After reading The Professor and the Madman, Pip Williams got interested in the ways that gender affected the original edition of the OED. She wrote The Dictionary of Lost Words to honor the women who helped produce the dictionary.

As a little girl, Esme becomes fascinated with the strips of paper used to keep track of different uses of words. Her father is the assistant to Dr. Murray, who is in charge of the OED project, and she spends a lot of time sitting under her father’s desk at the Scriptorium. One day, she finds the strip for the word “bondwoman” and puts it in her pocket. She begins collecting duplicate strips or words that will not be included in the dictionary and puts them in a trunk.

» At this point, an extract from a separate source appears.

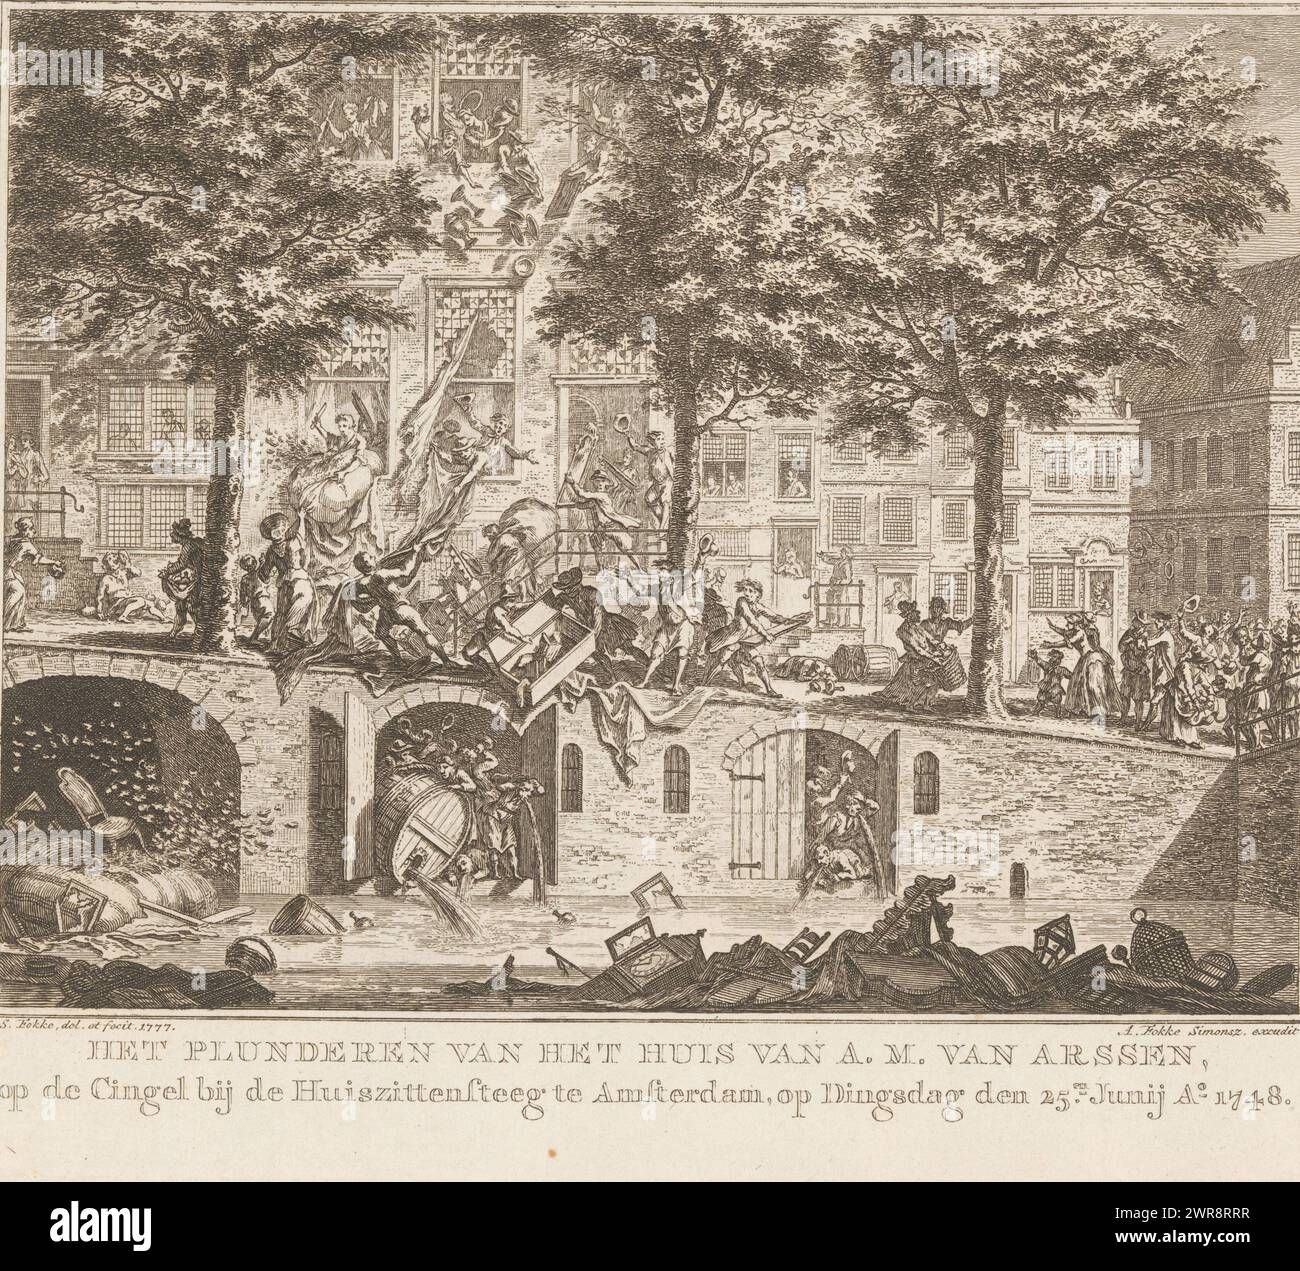 Pillage de la maison de A.M. van Arssen à Amsterdam, 1748, pillage de la maison de A.M. van Arssen, sur le Cingel près du Huiszitsteeg à Amsterdam, le mardi 25 juin Ao 1748 (titre sur objet), le pillage de la maison du locataire fiscal A.M. van Arssen et des entrepôts et caves en dessous à Singel 187 lors de l'émeute de Pachter, le 25 juin 1748. De la maison, les personnages jettent toutes sortes d'articles ménagers dans la rue et dans le canal., imprimeur : Simon Fokke, après sa propre conception par : Simon Fokke, éditeur : Arend Fokke Simonsz., Amsterdam, 1777, papier, gravure Banque D'Images

As a young woman, she begins working in the Scriptorium. She becomes fascinated with the idea that some words are not allowed in the dictionary because they don’t have a written source. Many of these words, she notices, are related to the poor and to women—words for women’s body parts, professions, epithets for women. She begins collecting her own words from Lizzie, the Murray’s maid, and from common people in the market.

link to Netgalley

This novel not only reflects the love of words but also the events of the time—the battle for women’s suffrage and eventually World War I. At first, I had difficulty getting into it, but that may in part have had to do with my problems with eBooks. Eventually, I was sucked in and found the novel touching, even though a few plot points are predictable.

I received this book from the publisher in exchange for a free and fair review. I had this review already scheduled for posting when I learned that the book made it to the shortlist for the Walter Scott Historical Fiction Prize.